Our house is back to its pre-Christmas state except for a few poinsettias scattered here and there and a vase of pine boughs decorating the piano. Gone is the tree and one of the infant beds I borrowed and most of the toys on loan have been gathered in the entrance to be returned to their owners. That’s a wrap for another family Christmas.
But as memories will, they linger. Looking out on the sliding hill this morning, I can still see bundled up figures carrying the red plastic sleigh to the top for another, maybe faster, trip down. And as I awake in the dark of the early morning, I think I hear the sounds of jet lagged babies filtering through the air from the other side of the house.
This home, for a short while, held it all: chaos and excitement, long family dinners around the table after the babies had been bathed and put to bed, friends and family visiting. As life will have it, it also had its dramas: the night the adventurous twin was stuck in the bathroom and the adults were orchestrating a rescue worthy of the navy seals, and then there was the call in the middle of the night that my ninety-six year old mother was in respiratory distress and might not make it until the morning.

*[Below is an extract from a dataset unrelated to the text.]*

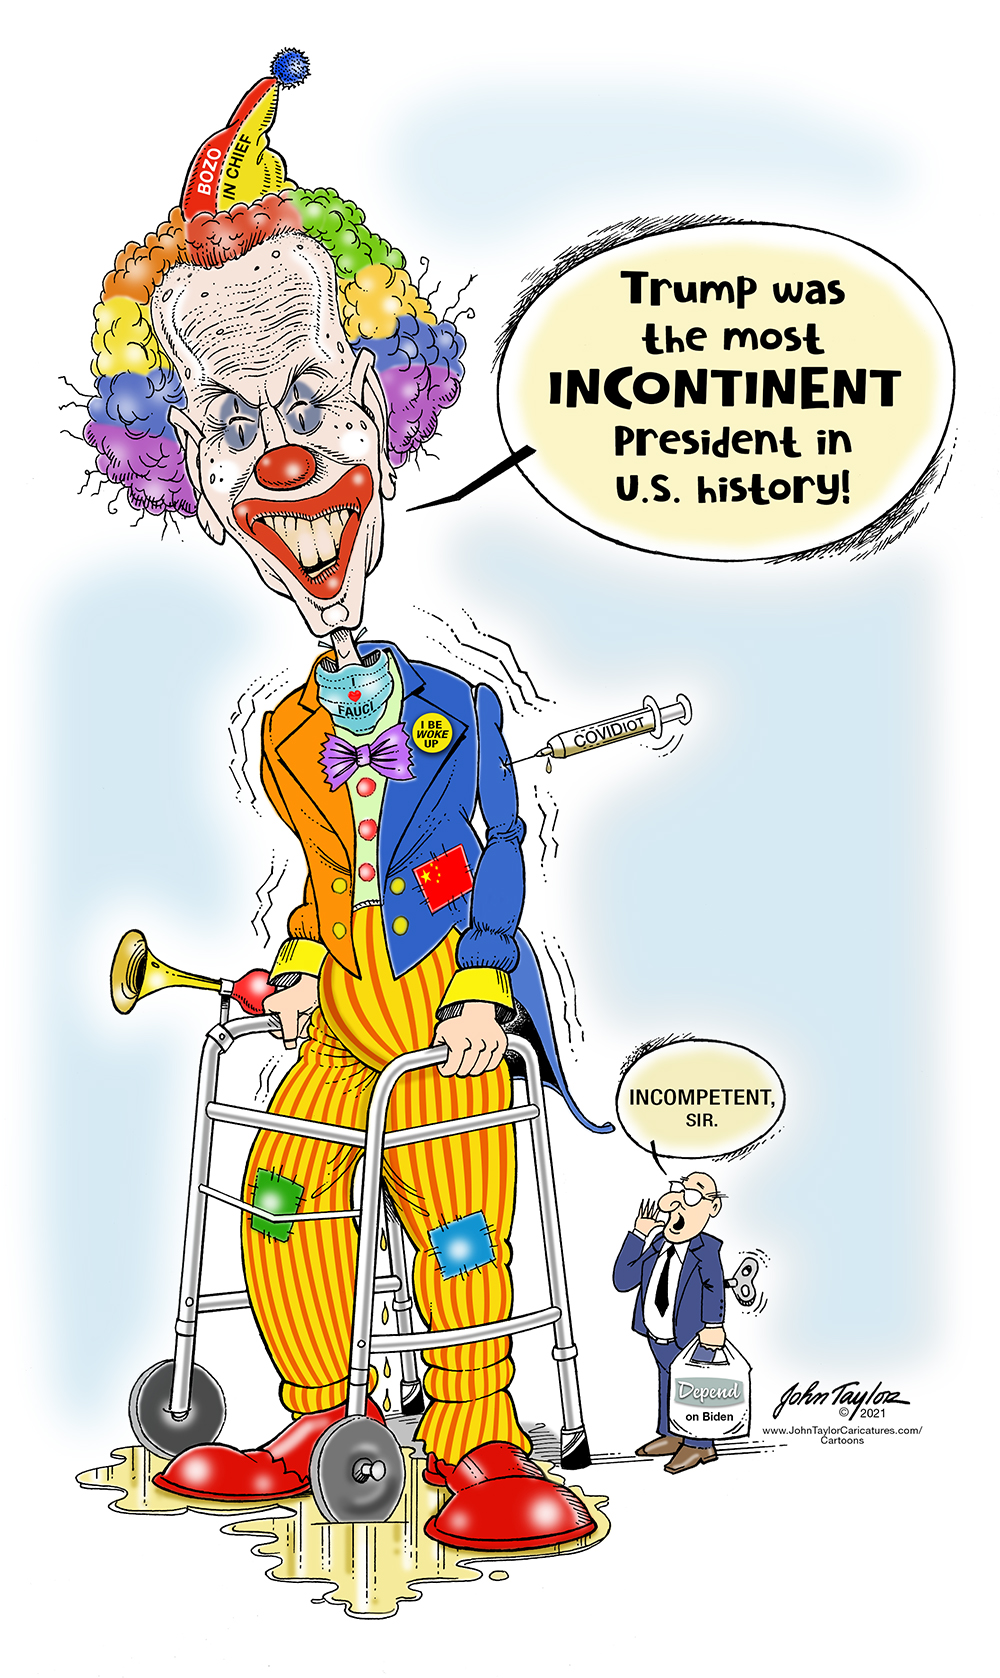 Joe Biden the incontinent clown
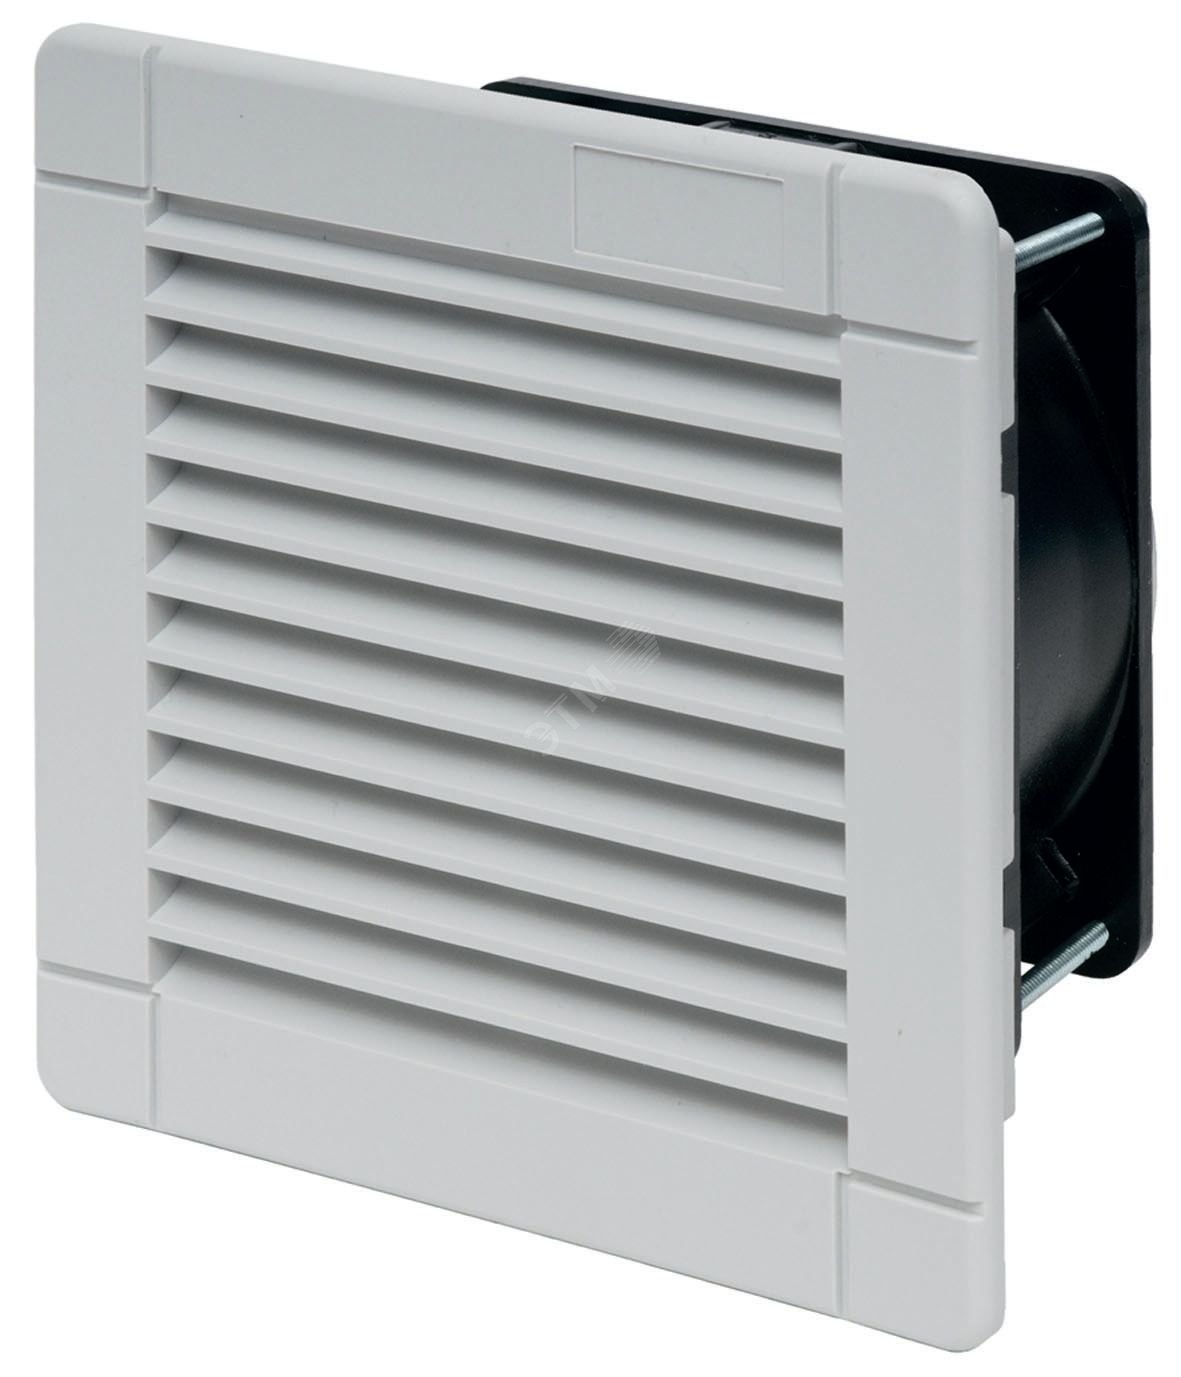 Вентилятор с фильтром версия EMC питание 230В АС расход воздуха 24м3/ч IP54 7F.70.8.230.1020 FINDER

After returning to the house from a long day spent in vigil over my mother who was now stabilized but still far from out of the woods, I sat on the couch watching my adult children in the kitchen bantering about who could make the ultimate sandwich. Tears welled up in my eyes. How could there be so much sorrow and joy all at the same time? I thought of this paradox again as I was returning from another day at the hospital and saw the January full moon hanging impossibly large and pink over the pale blue mountains just below. Beauty and sadness holding hands, each compelling in very different ways.
Glennon Doyle Melton who writes a blog called Momastery and is the author of two memoir style books has coined the word “brutiful” for this phenomenon. Life is brutal and beautiful, sometimes both at the same time – maybe often both at the same time. I am wondering if it is love that allows us the grace to see the beauty in the brutal. I hope it is.
Happy New Year to you all. It’s good to be back.